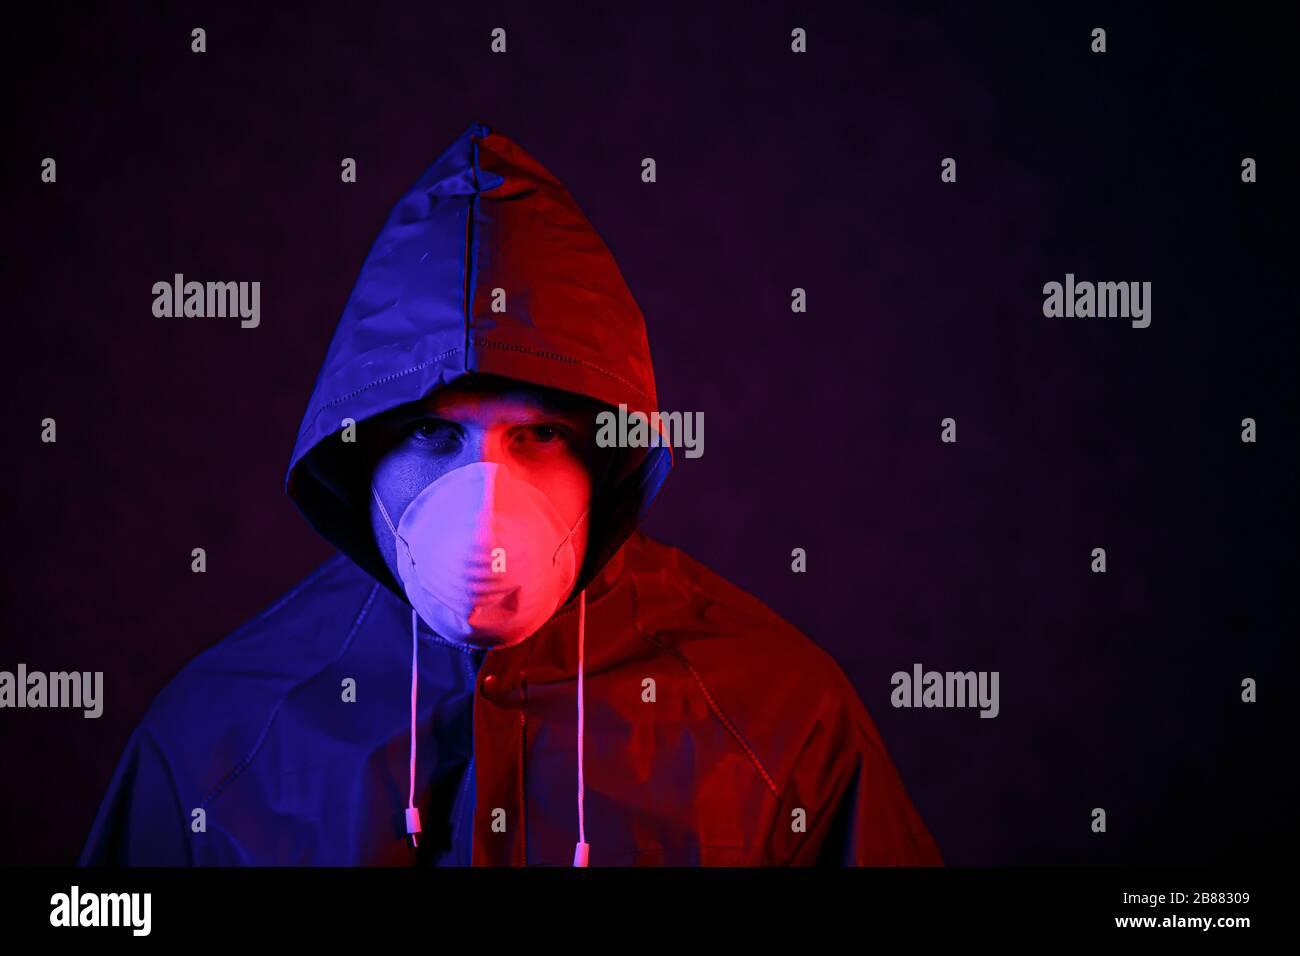 Coronavirus. Ein Mann in Maske und Chemieschutzanzug in Rot und Blau. Kampf gegen den Virus Stockfoto
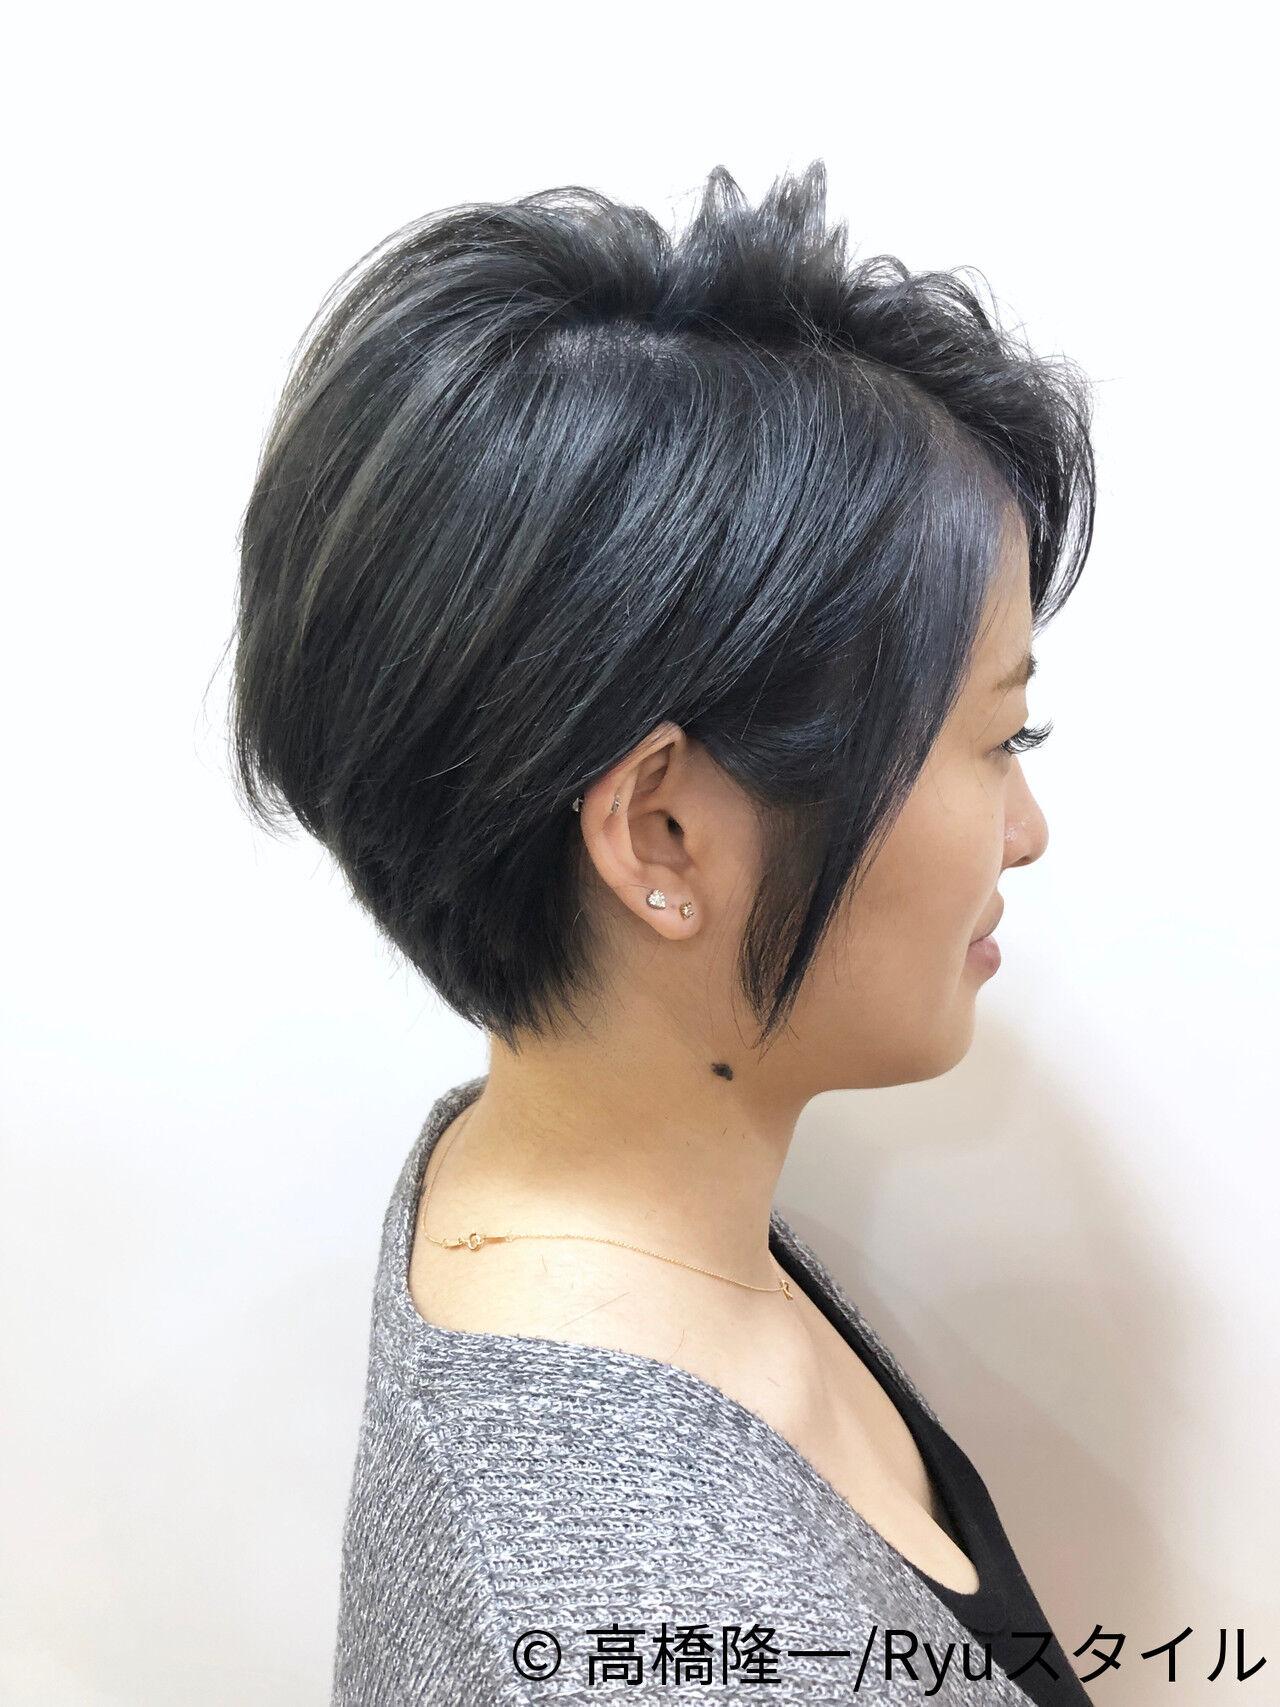 ショート モード ダークグレー 透明感カラーヘアスタイルや髪型の写真・画像
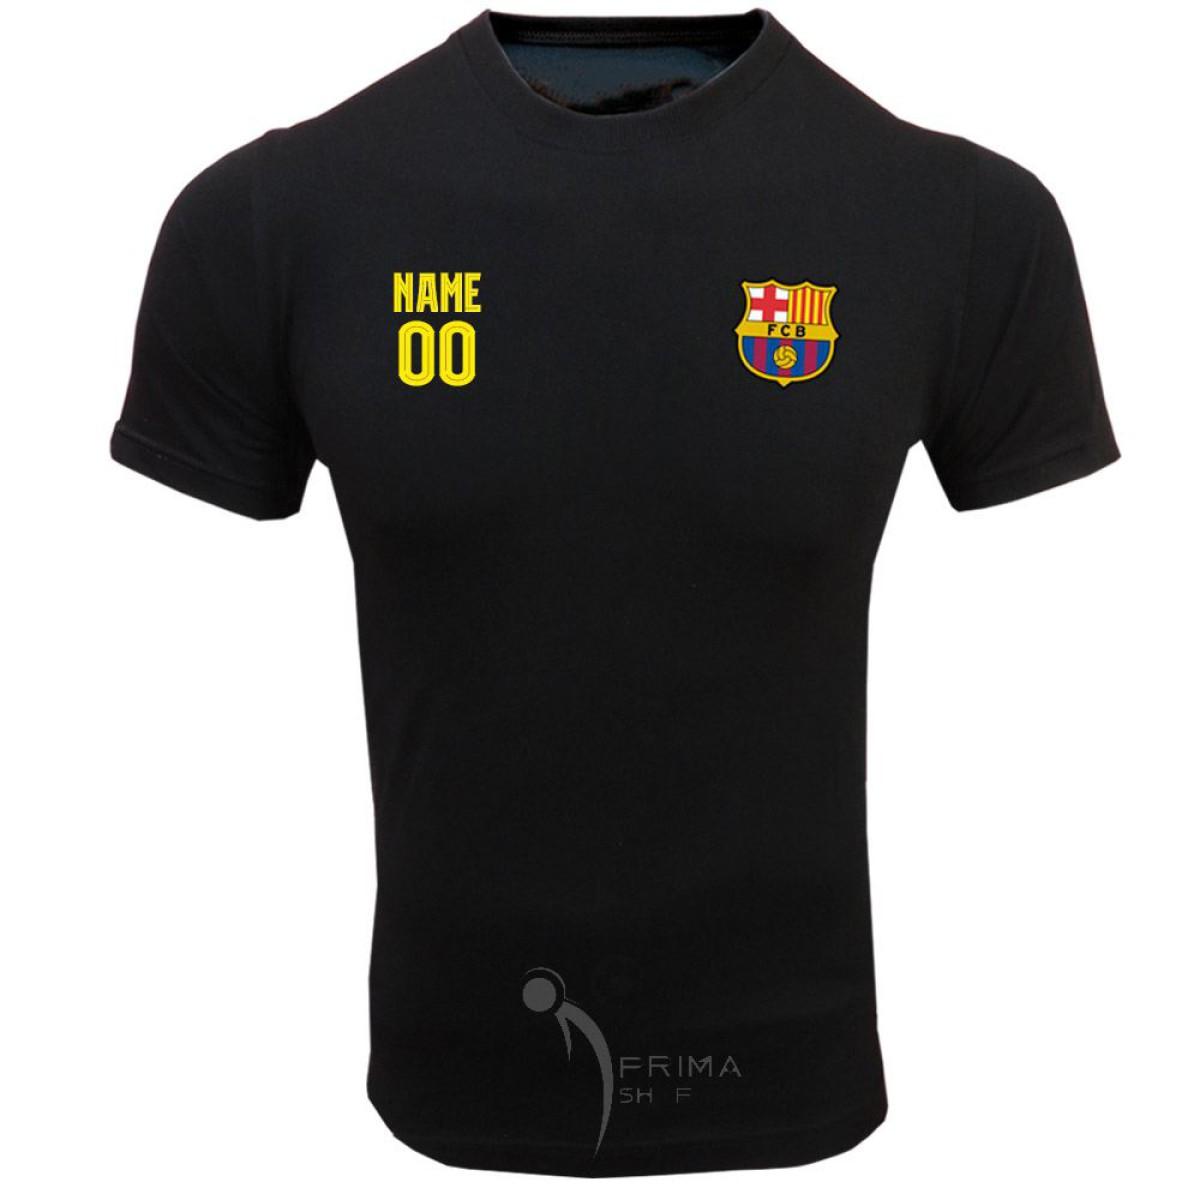 لباس هواداری بارسلونا مشکی نام دلخواه روی سینه آستین کوتاه
····················
What is required = From the line that contains "ショート モード ダークグレー 透明感カラーヘアスタイルや髪型の写真・画像" down to the last line of the material above, every line must be repeated exactly, with pictures removed and both end lines included.

Problem solution =
 ショート モード ダークグレー 透明感カラーヘアスタイルや髪型の写真・画像
 لباس هواداری بارسلونا مشکی نام دلخواه روی سینه آستین کوتاه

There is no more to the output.